I'll explain the solution given in my textbook.
It is clear that for the interval $[0,1]$, $x+x^2$ is the supremum of the given function and $x^2 + x^3$ is the infimum. In the interval $[1,2]$, it's the opposite.
All is good till this point.
Now we are directly trying to find the upper integral.
It is given that the upper integral $U(f)$ in the interval $[0,2]$ is equal to $\int_{0}^{1} x+x^2 \, dx + \int_{1}^{2} x^2+x^3 \, dx$. I don't understand this step. How come we can side-step many complications and straight away reduce an upper integral into a definite integral?
Consider the interval $I=[0,1]$. It seems that $U(f)$ in the interval $I$ is equal to $\int_{0}^{1} x+x^2 \, dx$, but I'm not sure why. I understand that $x+x^2$ is the supremum of the function in that interval, but I'm not able to make a logical connection to that. If the function wasn't piecewise, say if $f(x) = x+x^2$ in $[0,1]$, we wouldn't have directly converted the upper integral into a definite integral. Instead, we would have defined a partition, then found $M_r$ and $m_r$ in the interval, and then calculated $L(P,f)$ and $U(P,f)$, and finally found the upper and lower integrals. All those steps were skipped in this case.
A proper explanation will be of great help!
Best Answer
The crux of the issue lies in the phrase "for the interval $[0,1]$, $x+x^2$ is the supremum of the given function". You said that you understand this, but taken literally, this statement is complete nonsense. How, then, should we interpret this statement?
I would argue that the only meaningful interpretation is the following:
This is both correct and meaningful.

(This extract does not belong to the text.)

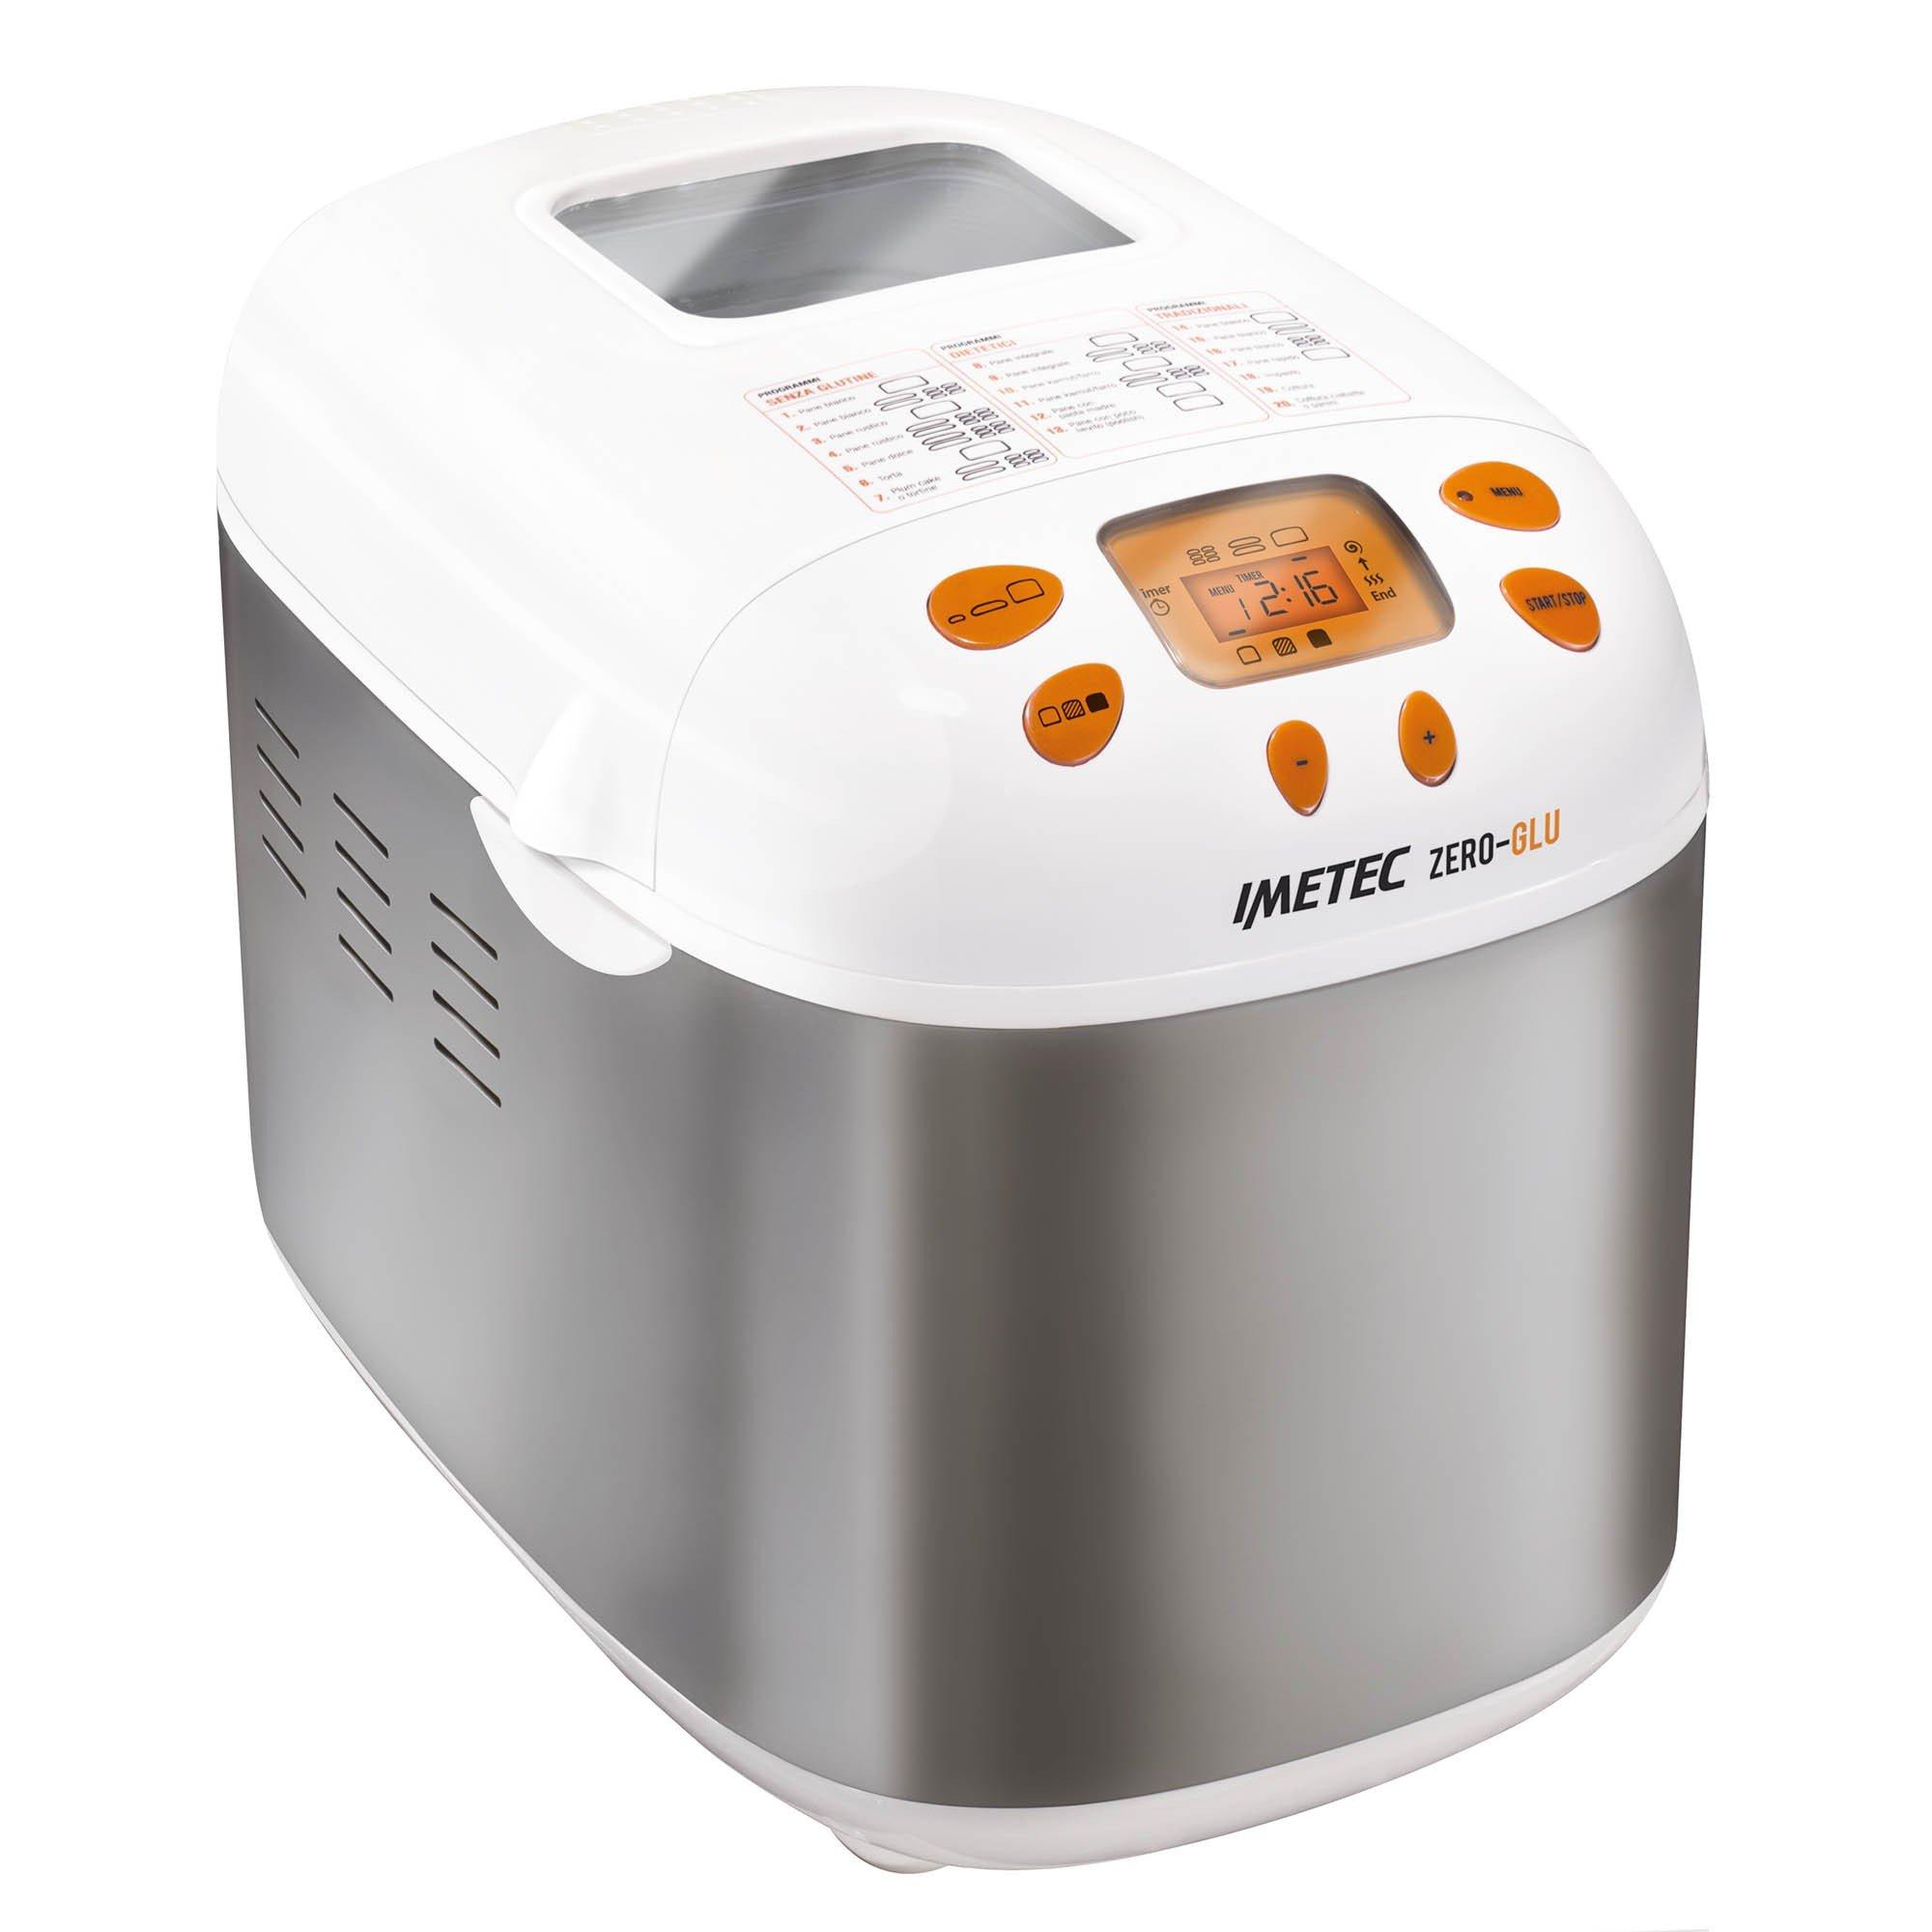 IMETEC Zero Glu Panificadora, 920 W, Blanco y Naranja product image

It means that if we define $f_1(x) = x+x^2$, then $U(P,f) = U(P,f_1)$ for any partition $P$ of $[0,1]$ (you should prove this if you don't immediately see why it's true). This means that the upper integral $U(f)$ on $[0,1]$ is the same as $U(f_1)$ on $[0,1]$, and since $f_1$ is Riemann integrable on $[0,1]$, the upper integral of $f_1$ equals its integral $\int_0^1(x+x^2)\,dx$.
The rest of the problem is resolved in a similar fashion.